Юлька попыталась представить, что и она сейчас так же бодро вскакивает и принимается за дела. Но от одной только мысли об этом ей стало до того тошно, что она со стоном заползла обратно под одеяло. И затихла там. Нет, ее выздоровление двигалось не такими быстрыми темпами.
А Мариша торопливо двигалась в сторону городского архива. Именно там ей посоветовала Гоар начать поиски семьи Назарянов. Хотя сама она считала, что в качестве места, откуда бы ей следовало стартовать, был адрес одного дома на улице Амиряна. Эта улица была главной в Ереване. И вела к площади Республики, опять же главной площади столицы Армении.
По тому адресу, который имелся у Мариши, еще пятьдесят лет назад проживала дружная семья Назарянов и старший брат старушки Гоар Акоповны – Назар. Это имя было семейным и доставалось старшему в роду мальчику. С Назаром проживала и его семья – жена и трое детей.

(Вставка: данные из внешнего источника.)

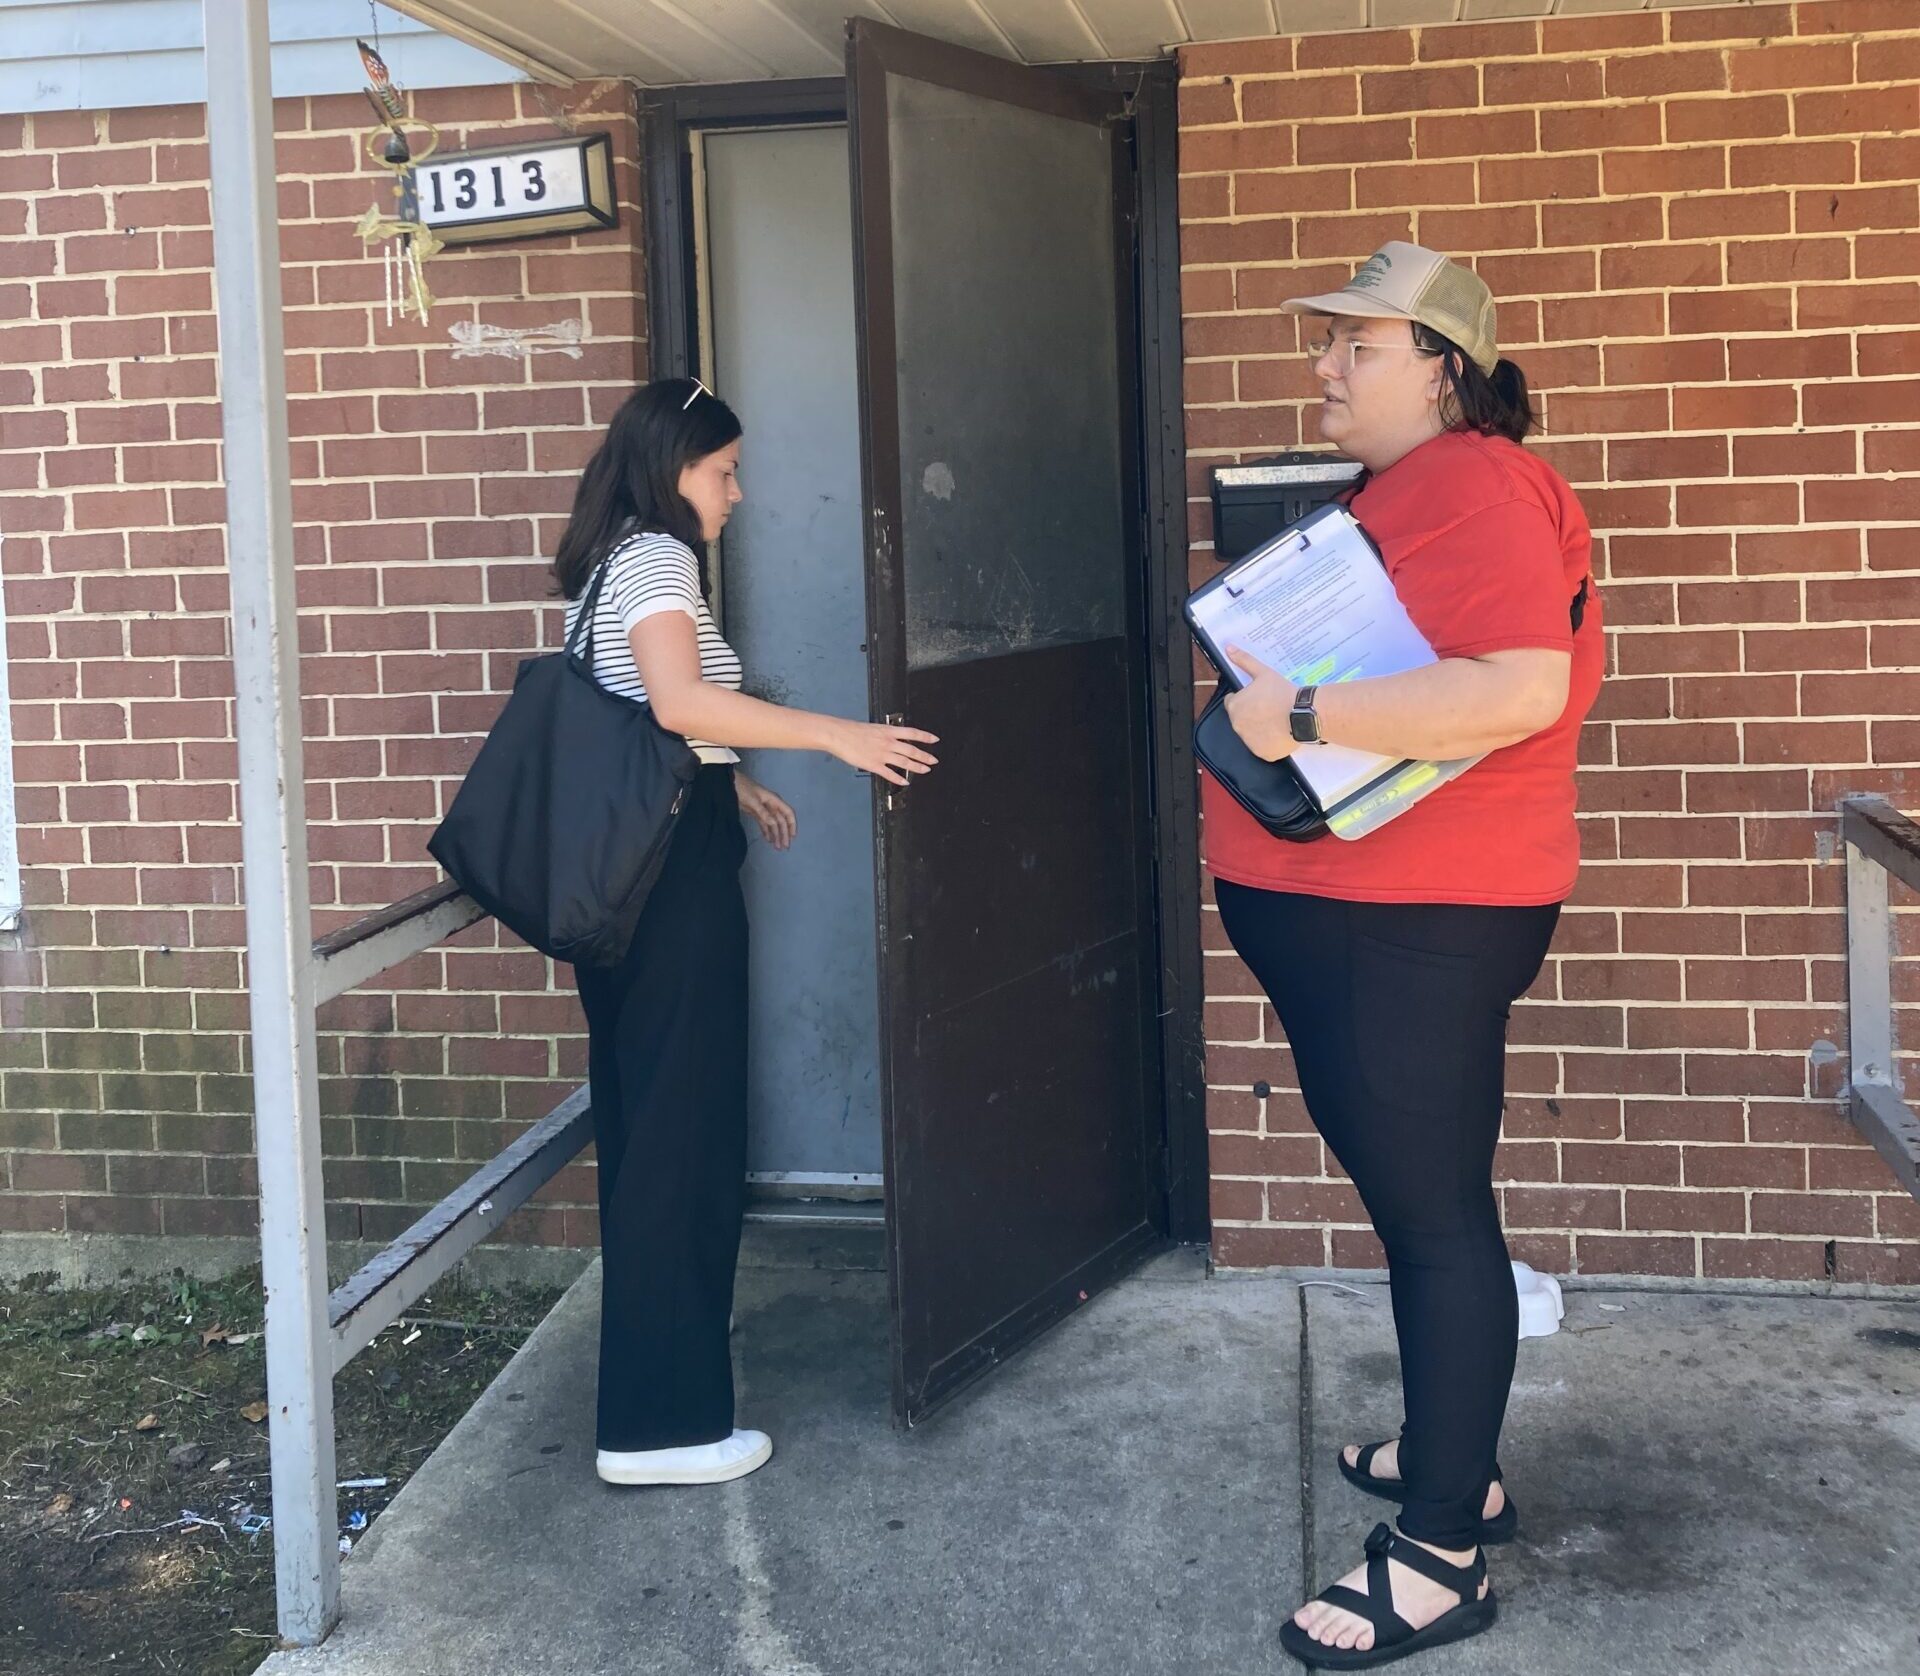 Two legal aid workers knock on a renter's door to distribute fliers.

– Есть и моя вина в том, что мы растерялись. Пятьдесят лет, с тех пор как я с родителями переехала в Питер, я родне своей не писала, не звонила и ничего о них не слышала, – вспоминала Мариша слова старухи, покачиваясь в маршрутном такси, которое везло ее к дому. – А теперь спохватилась, старость пришла, наследников нет, вот и обратилась к брату. Пусть, думала, он и его дети приедут ко мне. Хочу перед смертью видеть вокруг себя родные лица.
– И что? Не получилось?
– Все мои письма пришли с пометкой, что такой адресат не значится.
– Они переехали?
– Видимо. В любом случае, я должна знать, что случилось с моими родственниками. Возможно, мой брат уже умер. Он ведь старше меня десятью годами. Но его дети и дети их детей – они должны жить в городе, ведь верно?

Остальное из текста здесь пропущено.